Master Policy
The Master Policy is the centralized policy management interface that defines the behavior of all users, groups, and platforms within the system.
Through this page, administrators can configure security, access, and password policies at both the platform and user/group levels.
Platform Level Policies
The following policies are applied at the platform level.
Each one enforces or restricts specific behaviors during account usage.
Dual Control
Requires approval before performing SHOW, COPY, or CONNECT operations on an account.
When enabled, the Request / Approval process must be completed before the operation can proceed.
Check In / Out
Ensures that an account can only be used by one user at a time.
If another user attempts to access the same account while it is in use, the action is blocked.
One Time Password
Automatically changes the account password after each use.
This ensures a new password is generated after every session for improved security.
Only Connect
Restricts account usage to CONNECT-only mode.
Password viewing or copying operations (SHOW, COPY) are disabled.
Require Reason
Forces users to provide a Reason when using an account.
Each action is logged along with its justification for auditing purposes.
Password Change Period
Defines the automatic password rotation period.
After X days since the last password change, the system automatically generates a new one.
Password Verification Period
Specifies how frequently password verification (check) operations should be performed.
After X days since the last verification, the password validity check runs automatically.
Record Session Activity
Enables detailed logging of all session activities.
When activated, every user action within a session is recorded for auditing.

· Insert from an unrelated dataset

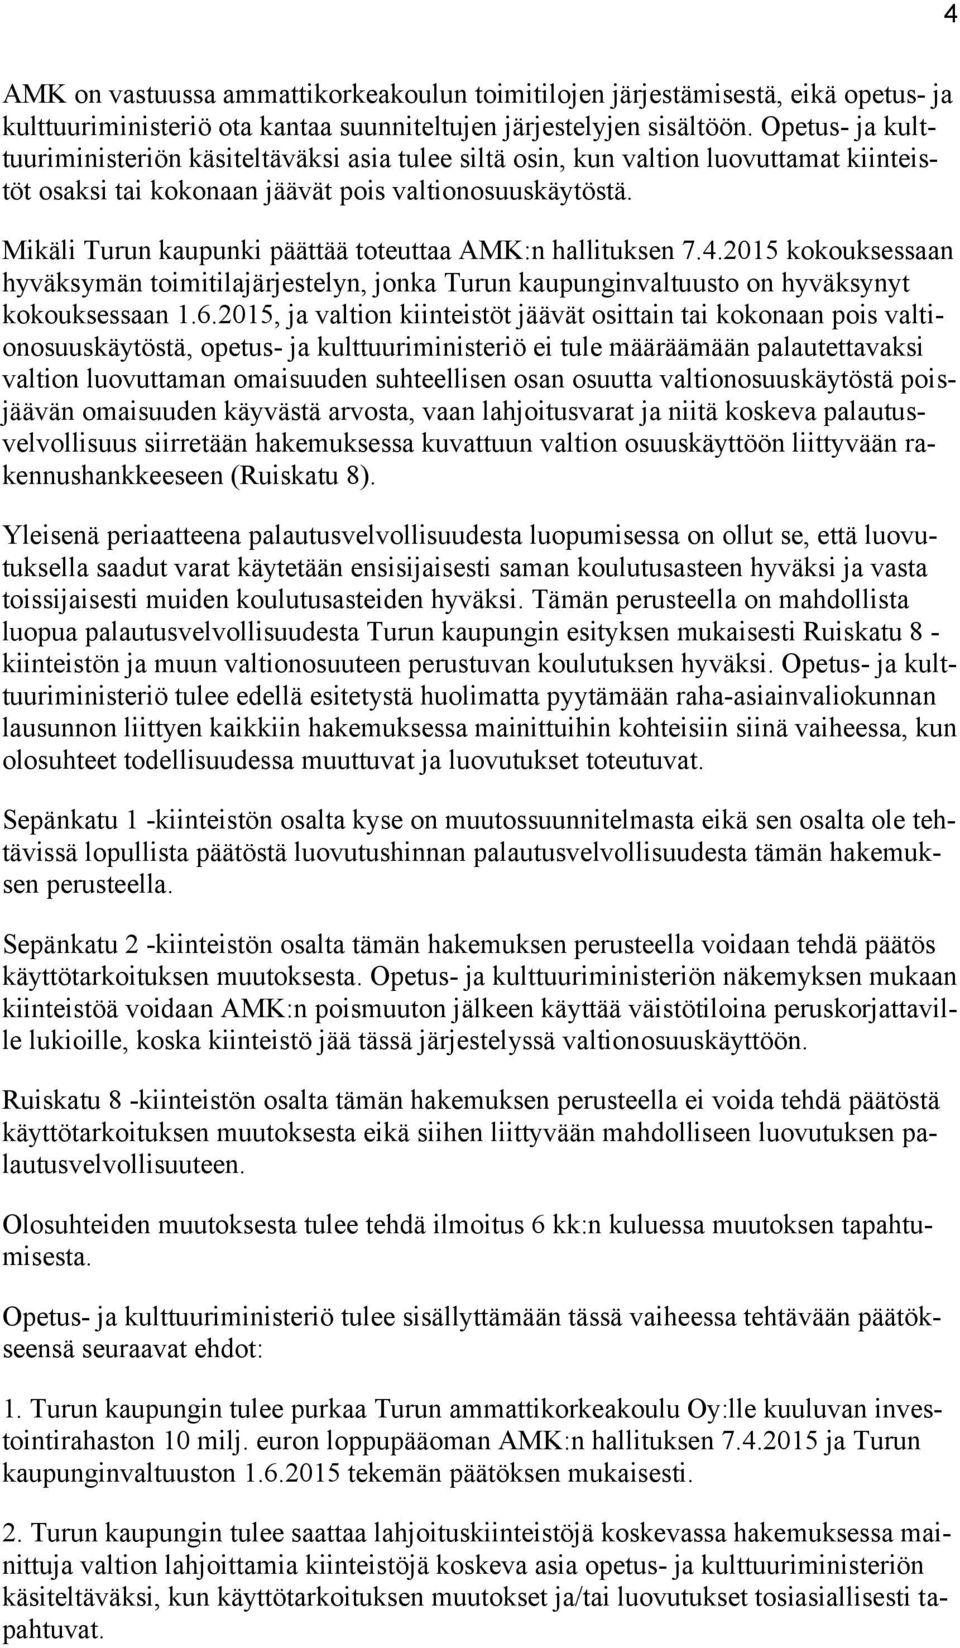 Mikäli Turun kaupunki päättää toteuttaa AMK:n hallituksen 7.4.2015 kokouksessaan hyväksymän toimitilajärjestelyn, jonka Turun kaupunginvaltuusto on hyväksynyt kokouksessaan 1.6.

Activity Log Delete Period
Determines how long activity logs are retained in the system.
After X days, log records are automatically deleted.
User / Group Level Policies
The following policies apply at the User or Group level.
These control user authentication, MFA settings, and monitoring permissions.
MFA Authenticator
Requires users to log in using Authenticator apps (Google, Microsoft, etc.).
A verification code is requested during login.
MFA Email
Sends a verification code to the user’s email during login.
Email server settings must be properly configured.
Note: Verify email server configuration in the Mail Server Settings section.
MFA SMS
Sends a verification code via SMS during login.
A valid phone number must be configured in the user’s profile.
Note: Ensure SMS server settings are properly configured.
AD-HOC Connection
Enables the AD-HOC Connection feature on the Account View screen.
After granting this permission, the user must log out and log back in for changes to take effect.
AD-HOC Session Recording View
Allows users to view AD-HOC session recordings.
The session must be restarted for the permission to apply.
AD-HOC Session Live Session View
Grants the ability to view live AD-HOC sessions.
A new login is required after applying this permission.
AD-HOC Session Live Session Join
Allows users to join live AD-HOC sessions.
The user must log out and log back in for the permission to take effect.
AD-HOC Session Live Session Terminate
Grants permission to terminate AD-HOC sessions.
Changes take effect after the user signs in again.
Recording View
Activates access to Monitoring → Recordings.
To view this page, the user must have appropriate permissions on the corresponding Safe.
Note: The user must log out and log back in after the permission is granted.
See the Safe Permissions section for more details.
Live Session View
Grants access to Monitoring → Live Connection.
The user must have authorization for the relevant Safe.
Note: A re-login is required after permission changes.
Live Session Join
Activates the JOIN button under Monitoring → Live Connection.
Users with this permission can join live sessions.
Safe-level authorization is required.
Note: A re-login is required after permission changes.
Live Session Terminate
Activates the TERMINATE button under Monitoring → Live Connection.
Allows users to terminate live sessions.
Safe-level authorization is mandatory.
Note: A re-login is required after permission changes.
Summary
The Master Policy centrally manages all access, authentication, and session behaviors within ZT-PAM.
Platform-level rules define how privileged accounts are used, while user/group-level policies govern MFA, AD-HOC access, and monitoring privileges.
This structure ensures both security consistency and policy integrity across the entire system.